The total synthesis of ngouniensines was then realized based on the developed sequential C–H functionalization (Scheme 2). The first C–H functionalization involving the coupling of 2a and rac-3v41 successfully built up the azepino[4,5-b]indole core, affording rac-4v in 86% yield with 1:1 dr. The second C–H functionalization of rac-4v with formaldehyde rapidly installed the exocyclic conjugated alkene, delivering rac-7 upon subsequent amide formation with K2CO3. Finally, reduction of the amide group produced the natural products (±)-ngouniensines (1a:1b = 1:1).
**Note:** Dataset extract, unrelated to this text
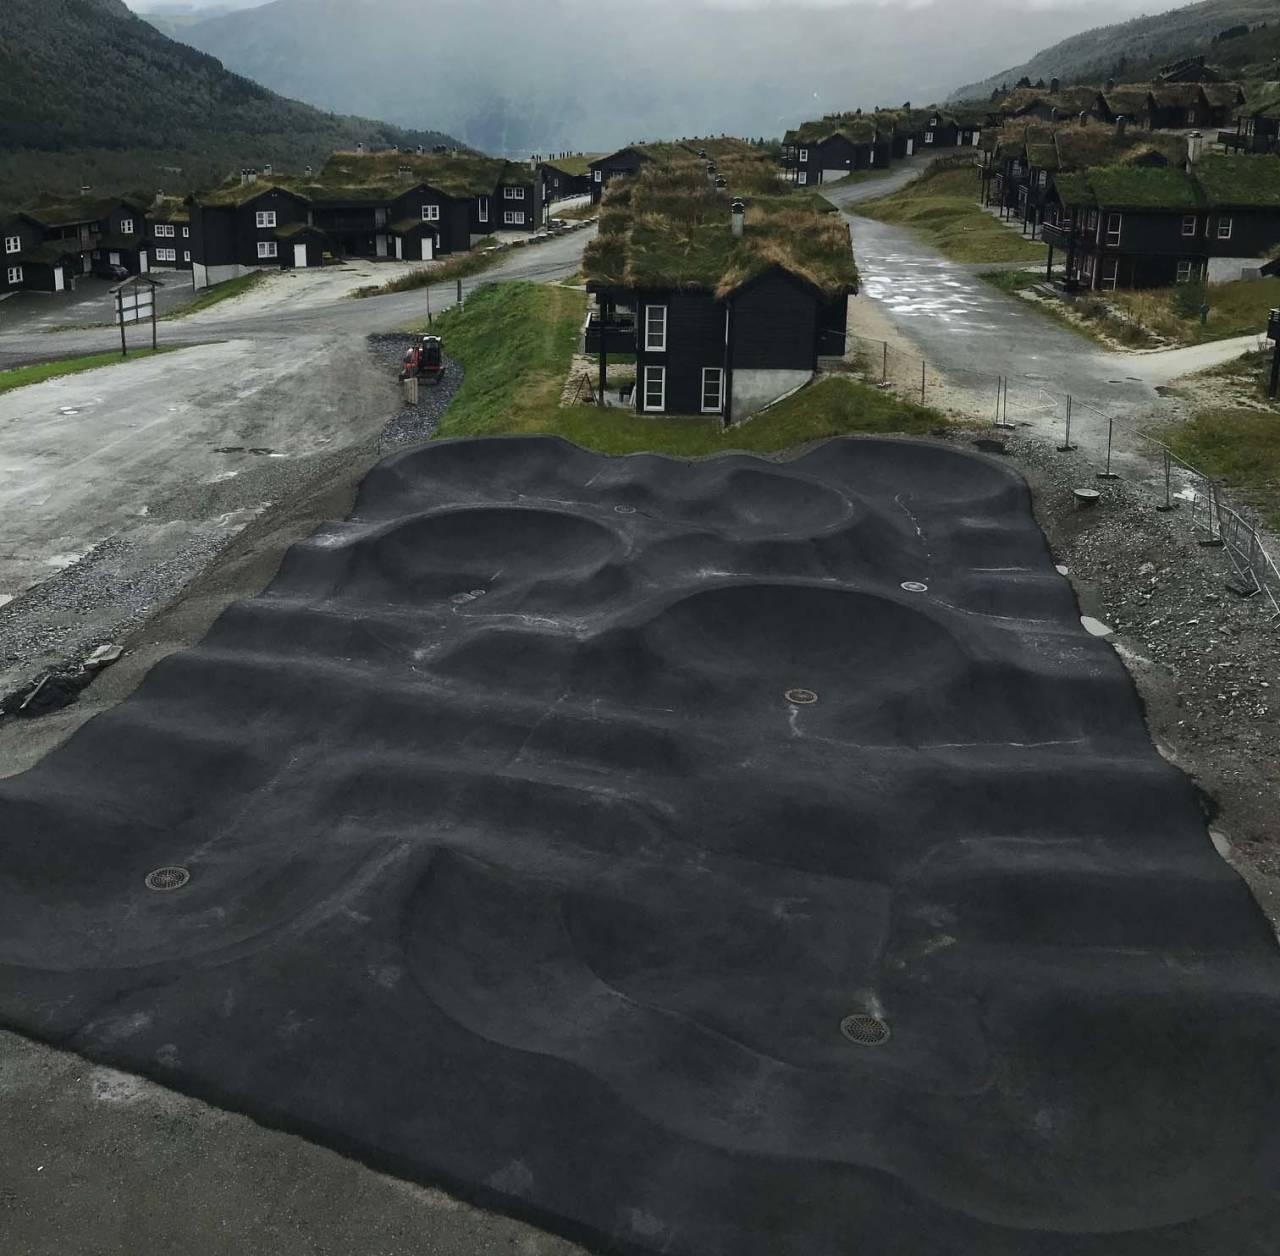 ASFALTERT: Pumptracken i Myrkdalen har asfaltdekke. Foto: Joar Wæhle
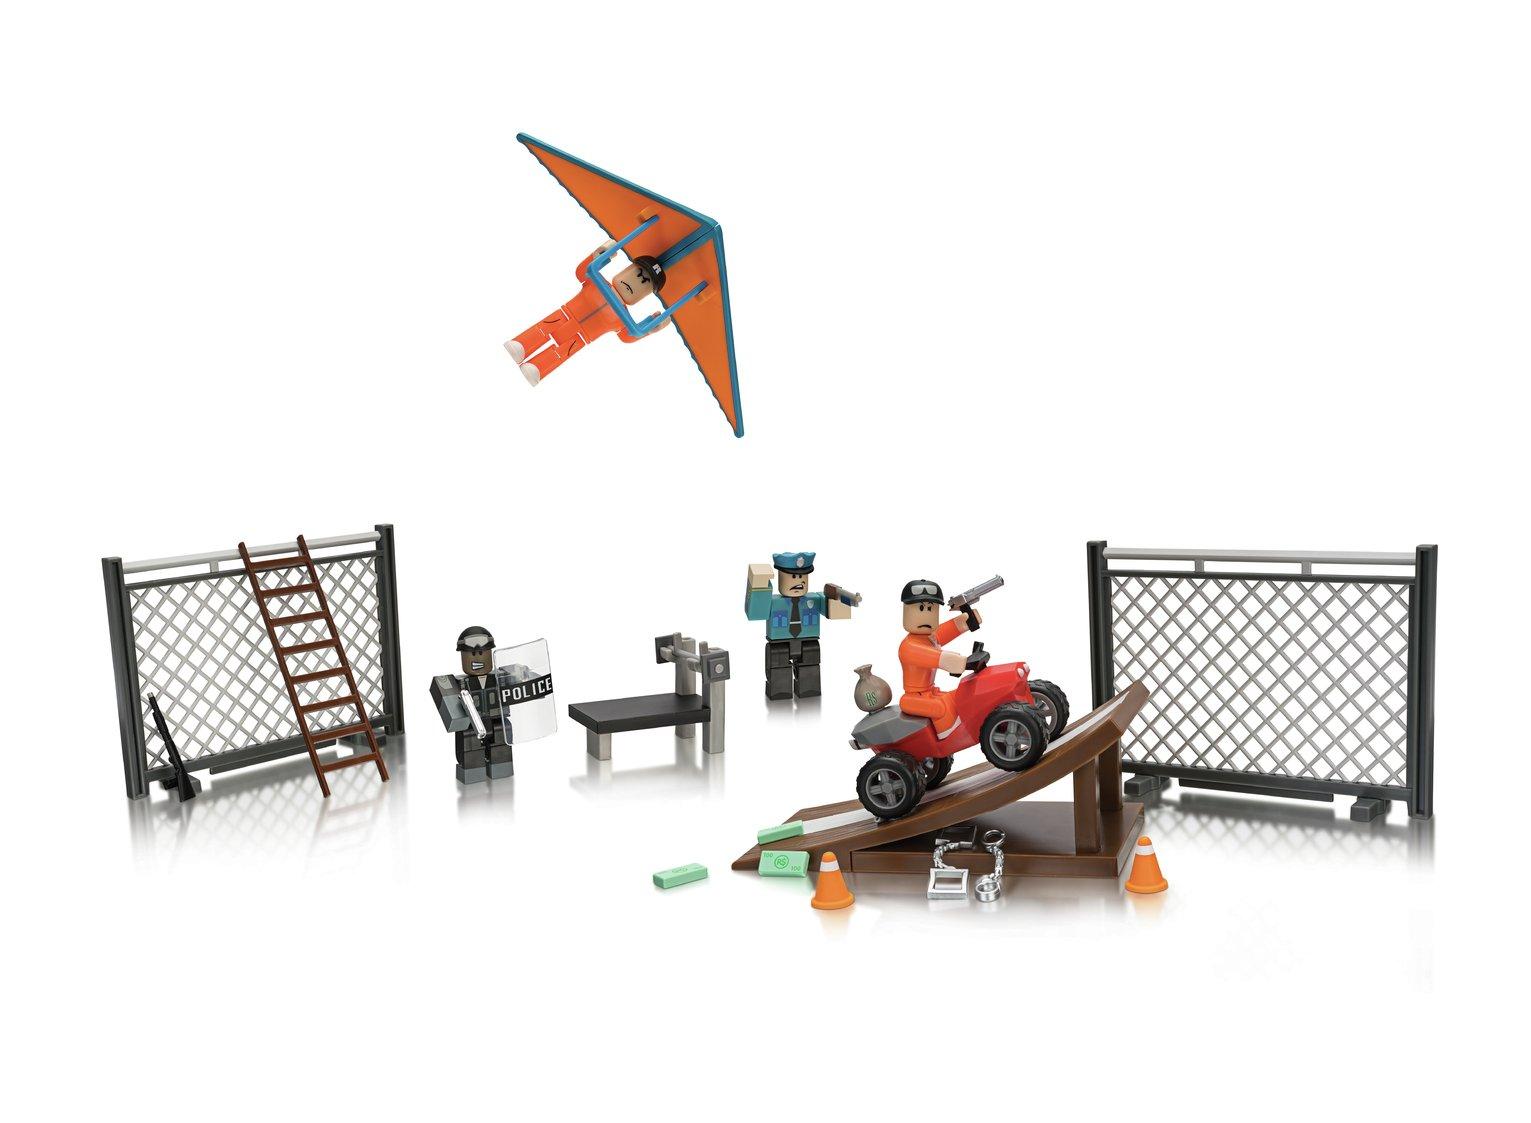 Roblox Jailbreak - Great Escape Playset

While the synthesis was carried out using rac-3v, the absolute chirality could be easily introduced by the known enantioselective hydrogenation (3v–a to 3v–b).42
While it was difficult to validate the proposed mechanism by the synthesis of a substrate resembling B or C due to its reversible transformation back to A under the acidic reaction conditions, some experimental observations supported the presence of intermediate C and the essential role of D. The reaction of bulky 2-iPr tryptamine 8 with aldehyde 3a afforded the oxindole 9 as the major product, presumably involving the oxidation of enamine C by oxygen (intermediate F).43,44 In another control study, the Bn-protected 2-Me-tryptamine 10 failed to give the corresponding product 11. According to the proposed reaction mechanism, this could be explained by the fact that the resulting G could not lead to the formation of intermediate D due to the presence of the Bn group.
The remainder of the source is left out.